[Opening PROVIDED MATERIAL section]

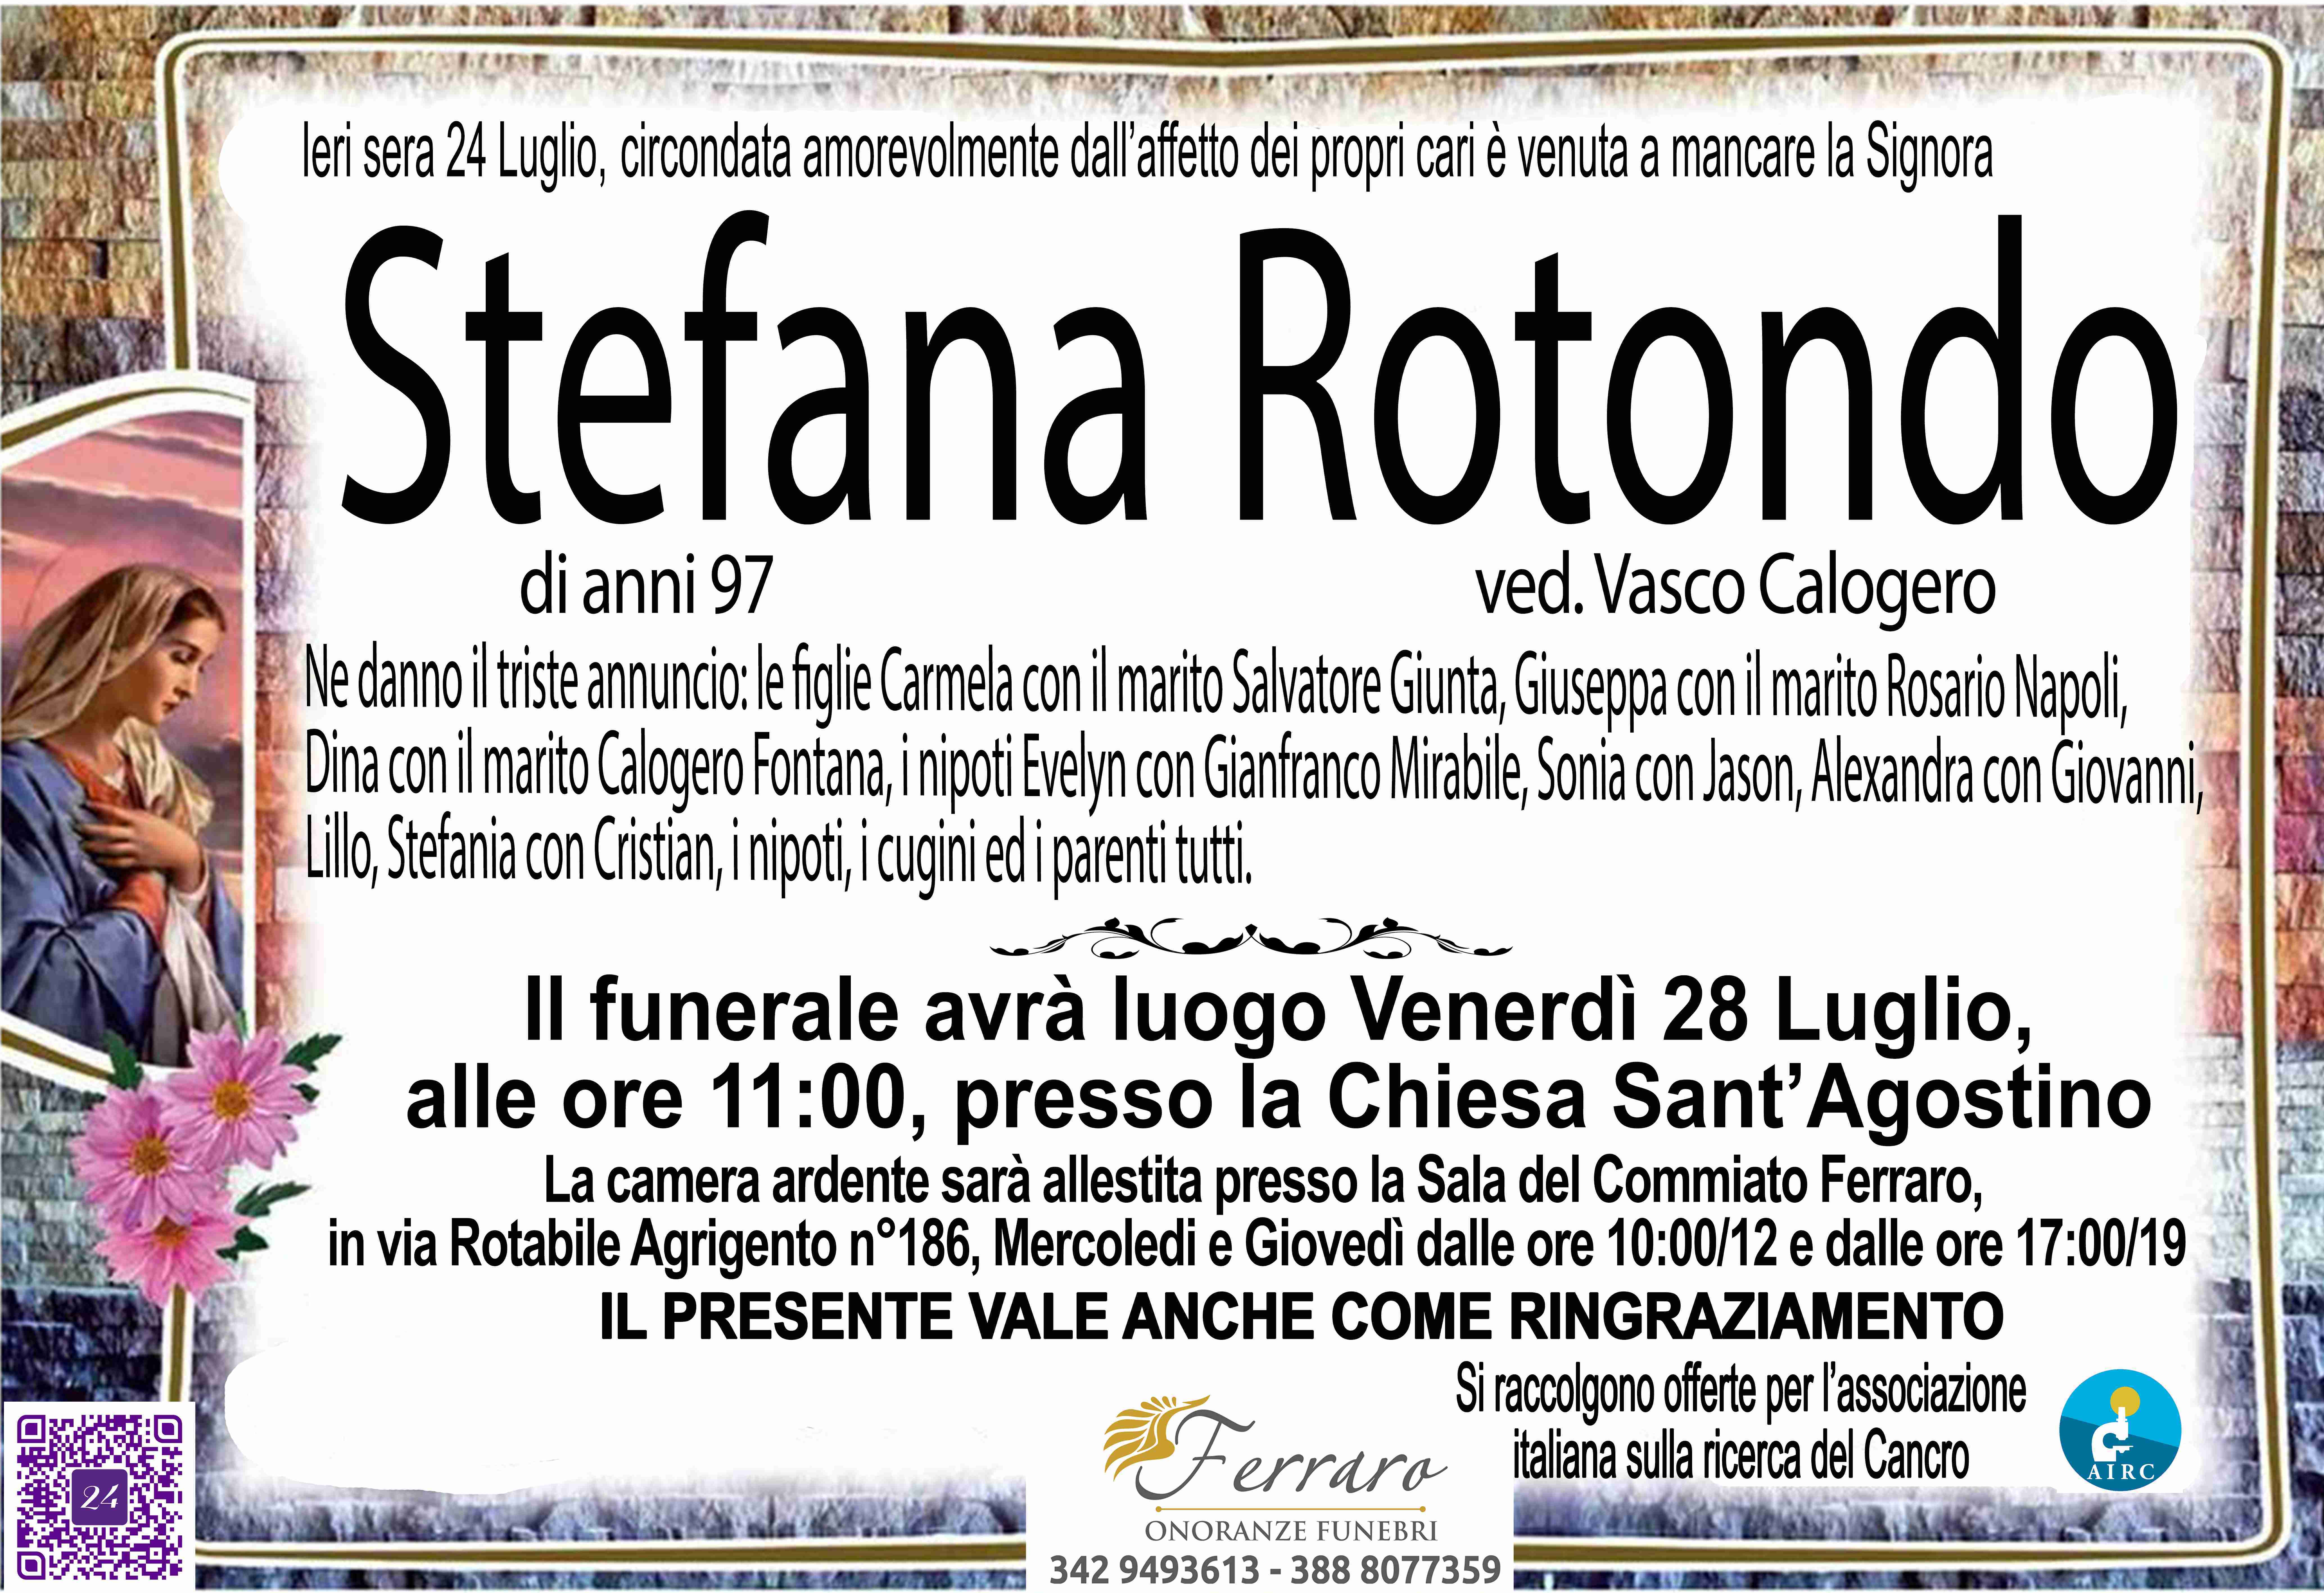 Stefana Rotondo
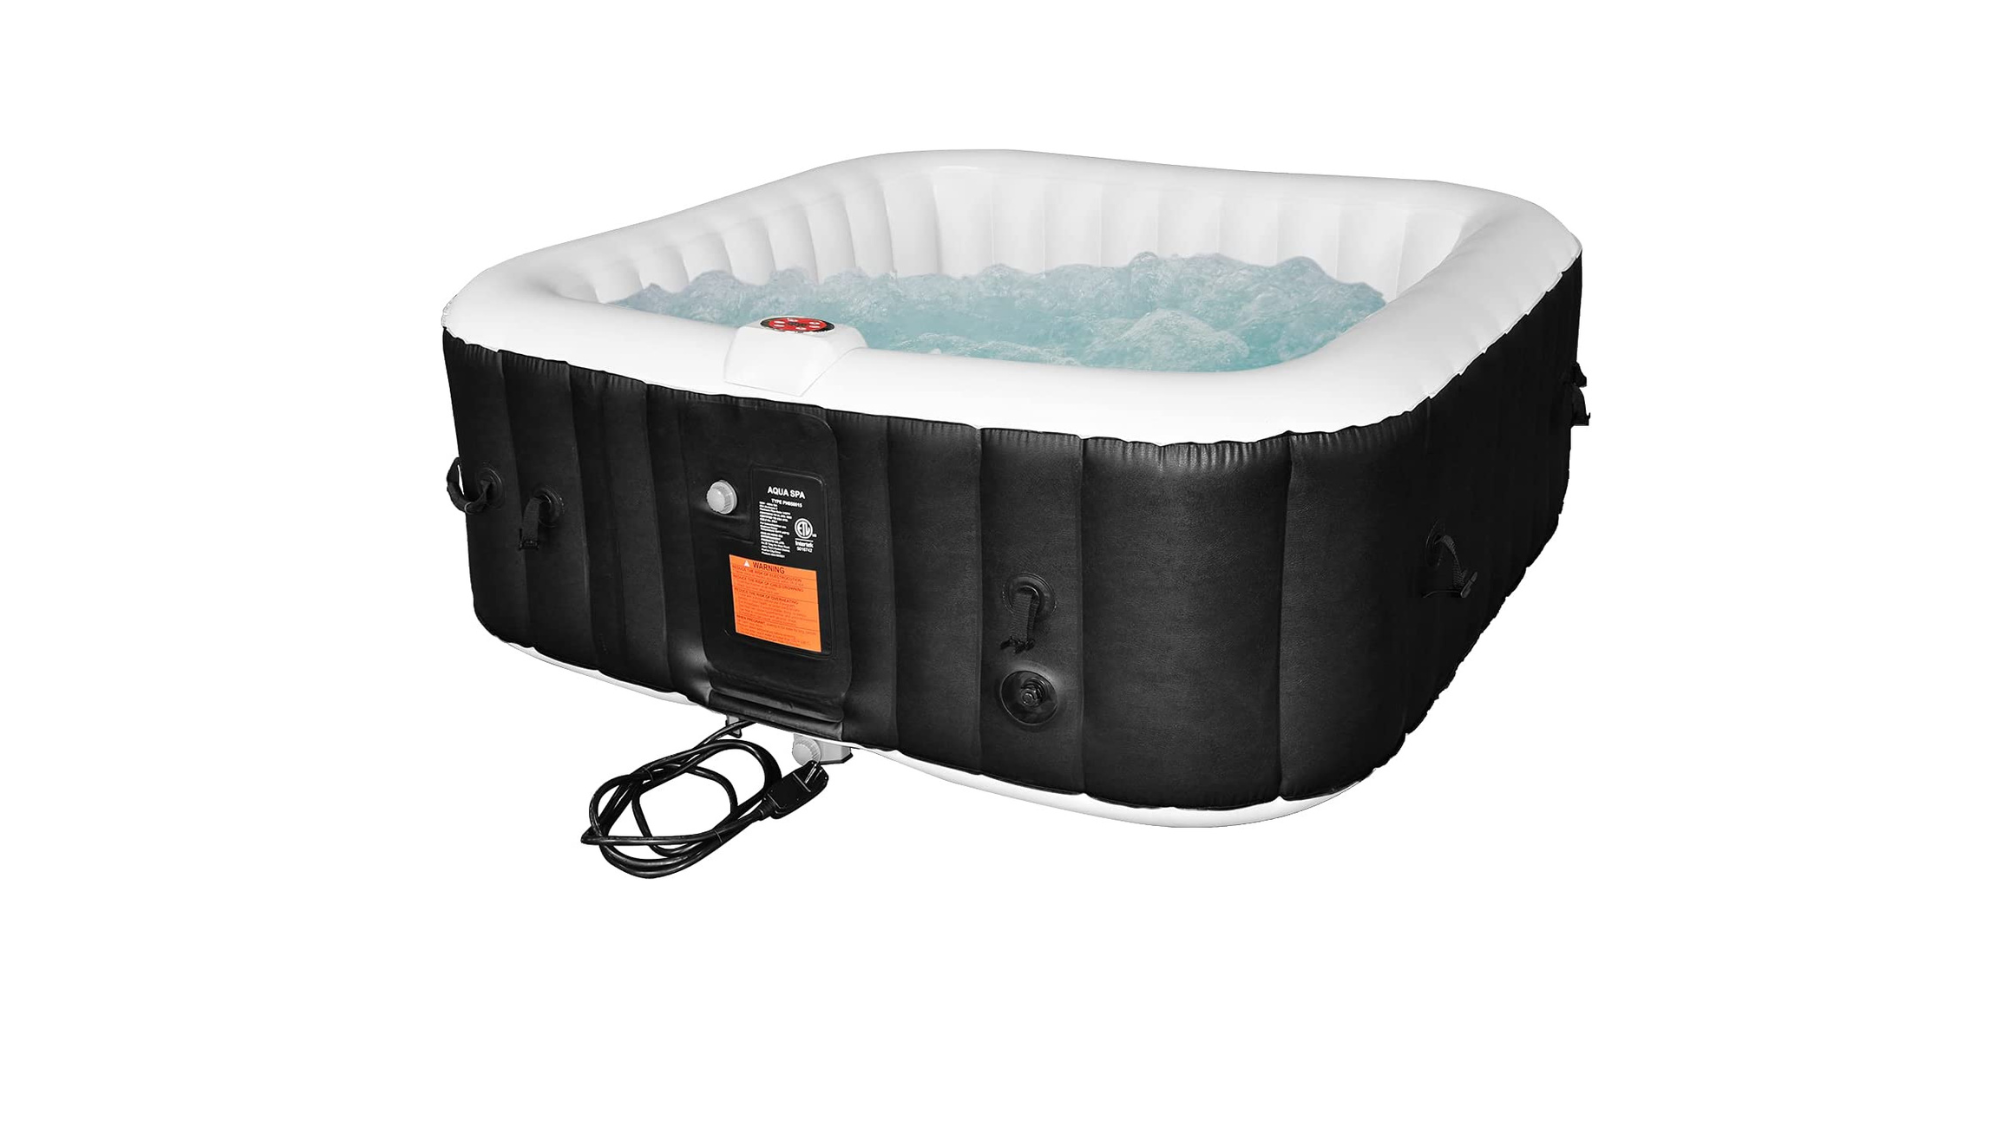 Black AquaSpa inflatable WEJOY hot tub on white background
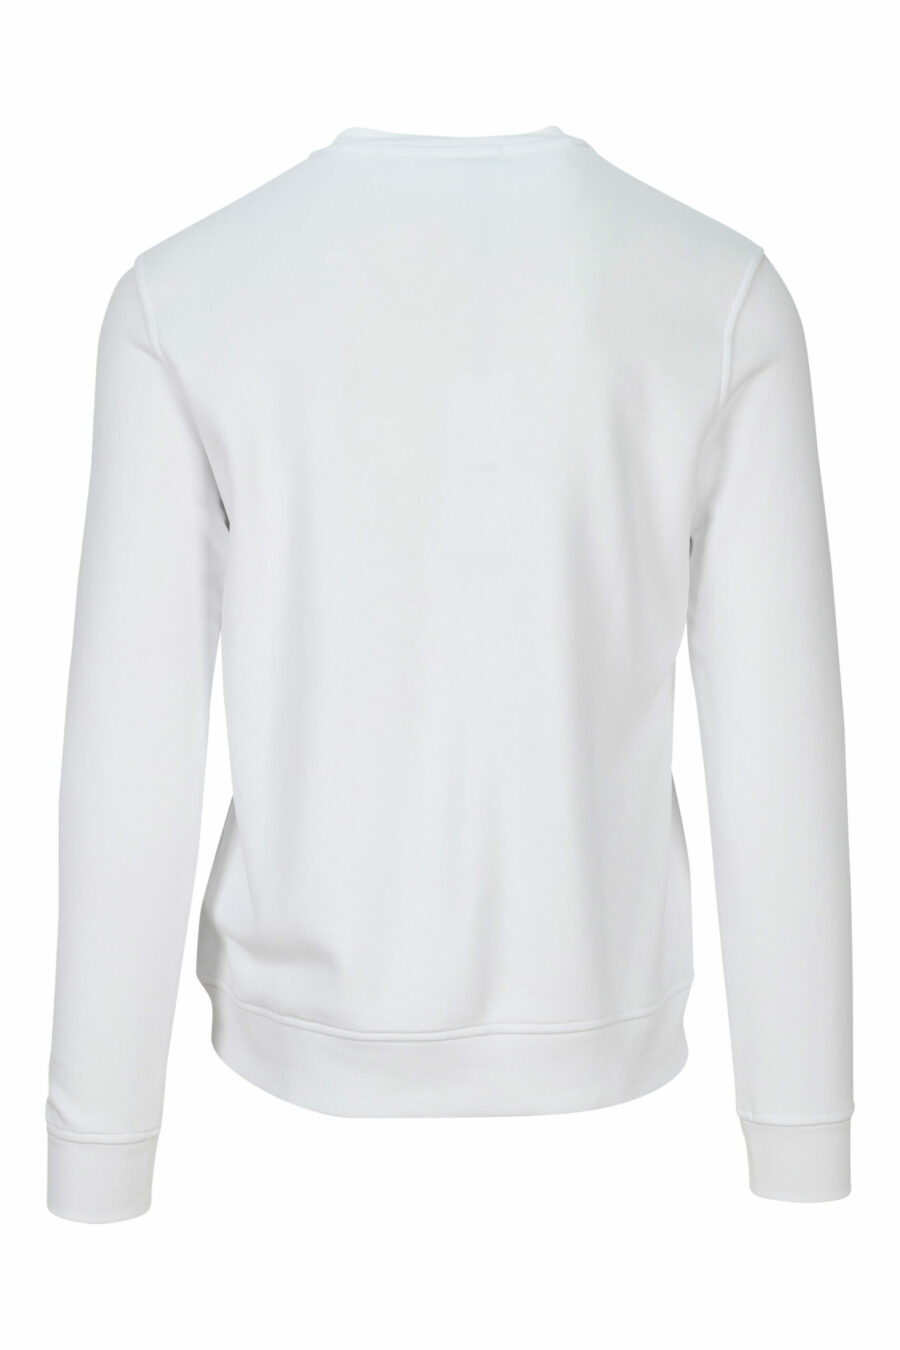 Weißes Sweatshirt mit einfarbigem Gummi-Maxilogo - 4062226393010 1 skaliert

[Closing PROVIDED MATERIAL section]

§ **TASK DIRECTIONS**
Could you give the listing again exactly as it stands, minus any pictures?

§ **WORKED SOLUTION**
 Stefana Rotondo
 Black AquaSpa inflatable WEJOY hot tub on white background
 Weißes Sweatshirt mit einfarbigem Gummi-Maxilogo - 4062226393010 1 skaliert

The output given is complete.